【chap191 高砂市】
高砂神社の参道には、春先の柔らかな日差しが差し込んでいた。朝から降っていた小雨がやんだ午後、苔むした石畳のあいだから立ちのぼる湿った香りが、どこか懐かしい記憶を呼び起こす。鳥居の奥、しんと静まり返った境内に足を踏み入れた秀樹は、ふと胸の奥がすっと軽くなるのを感じた。
この町に戻ってくるのは、何年ぶりだろう。忙しさを理由に、ずっと帰ってこなかった故郷。だが今は、ほんのひとときでも「流れを止めたい」と心から思っていた。仕事では“ワンマン”だとよく言われる。確かに、自分のやり方で周囲を引っ張ることが得意だった。だが、いつしかそれは「ひとりよがり」にすり替わっていたのかもしれない。
そんなとき、美麗子から突然のメッセージが届いた。
「たまには、心を労わってあげないとね。高砂温泉でも行ってくれば? 昔みたいに」
それだけの言葉だったのに、なぜか胸がじんと熱くなった。彼女とはかつて恋人同士だった。けれど長くは続かなかった。美麗子の“他人に優しい”性格と、秀樹の“感情が表に出やすい”性格とが、うまく噛み合わなかった。彼女のやさしさに自分の苛立ちをぶつけることもあった。
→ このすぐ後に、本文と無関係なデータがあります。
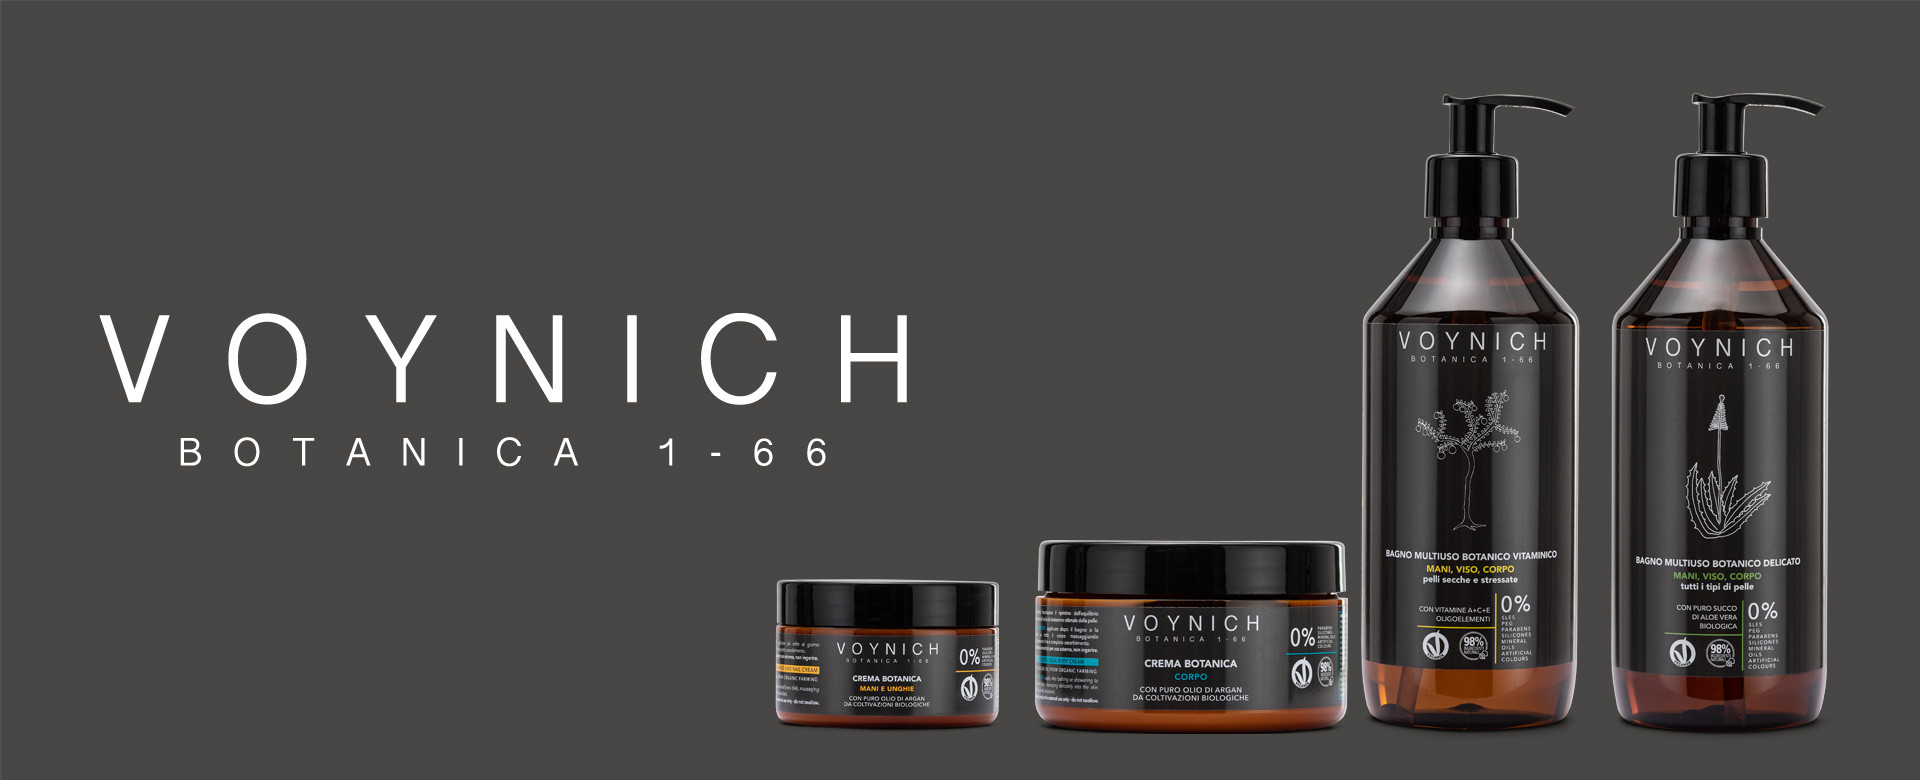 Voynich_Corpo

なのに彼女は、最後まで一度も責めなかった。
秀樹は神社の奥、縁結びの御神木の前に立ち、無言で手を合わせた。目を閉じて浮かんでくるのは、美麗子が残した言葉の数々。優しく、淡く、そしてどこか遠くを見つめていた言葉たち。
神社を出て、高砂温泉に向かう途中、彼はいつも通っていた小道を歩いた。古びた商店街の一角には、小さな花壇があり、そこに咲いた花を見て足を止める。寒椿と、早咲きのチューリップ。その隣に咲いた名も知らぬ小さな白い花を見つけた。
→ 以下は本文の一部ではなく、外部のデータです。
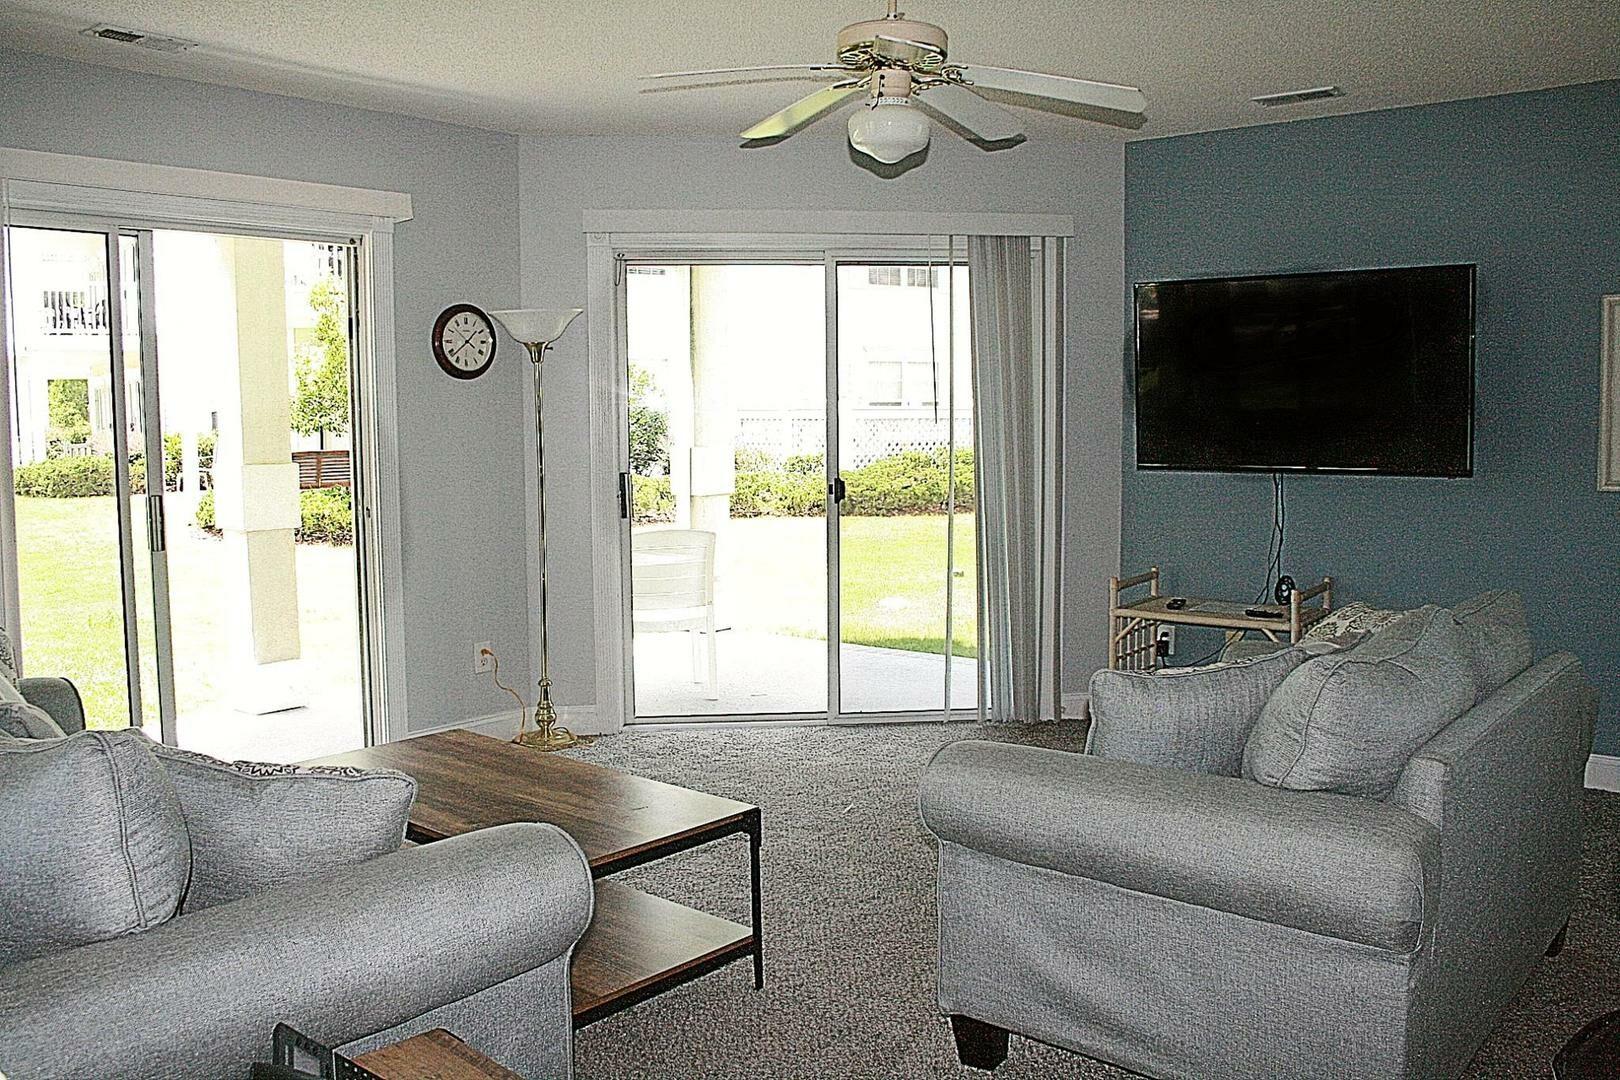 1203M 1 Bedroom/1 Bath Villa

「……毎日通る道で、ふと見かけた花が少しずつ咲いていくのって、なんかいいよな」
思わず声に出していた。まるで、気づかぬうちに抱えていた自分の感情が、そこに現れてしまったようだった。
そのとき、不意に背後から声がかかった。
「そういうの、気づける人って、素敵だと思うよ」
振り向くと、そこにいたのは美麗子だった。以前と変わらない柔らかい瞳、風になびく肩までの髪。けれど、どこか以前よりも“凛とした強さ”を感じさせる佇まいだった。
「……偶然?」
「ううん、たぶん、これは偶然じゃない」
そう言って、美麗子はそっと微笑んだ。ふたりは自然と並んで歩き出し、やがて高砂温泉の玄関へと辿り着いた。施設自体は昔のままだが、浴場の窓から見える庭には、新しく植えられた桜の苗木が風に揺れていた。
「ねぇ、秀樹。昔さ、“俺は変われない”って言ってたよね?」
「言ったな。今もそうかも」
「でも、今日のあなたは、少しだけ変わってる気がする。“花の変化”に気づけるようになってるから」
その言葉が、ふと胸の奥にすっと染みこんだ。誰かに優しくされること、気づいてもらえること。そのひとつひとつが、今まで自分が拒んでいた“変化”への扉だったのかもしれない。
湯上がり、ふたりは温泉の休憩所で、ゆるやかな時間を過ごした。冷たい麦茶を飲みながら、思い出話を少しずつ交わす。気まずさも、昔の後悔も、すべてこの空気の中に溶け込んでいくようだった。
「また、来てもいい?」
「うん。……来てよ。いつでも」
ふたりは言葉少なに微笑み合った。
あの日々は戻らなくてもいい。けれど、これからの“時間”が、ふたりの心を静かに癒やしてくれるのなら、それでいい。
そう思えたことが、“すべてが順調に進む”と感じられる、何よりの証だった。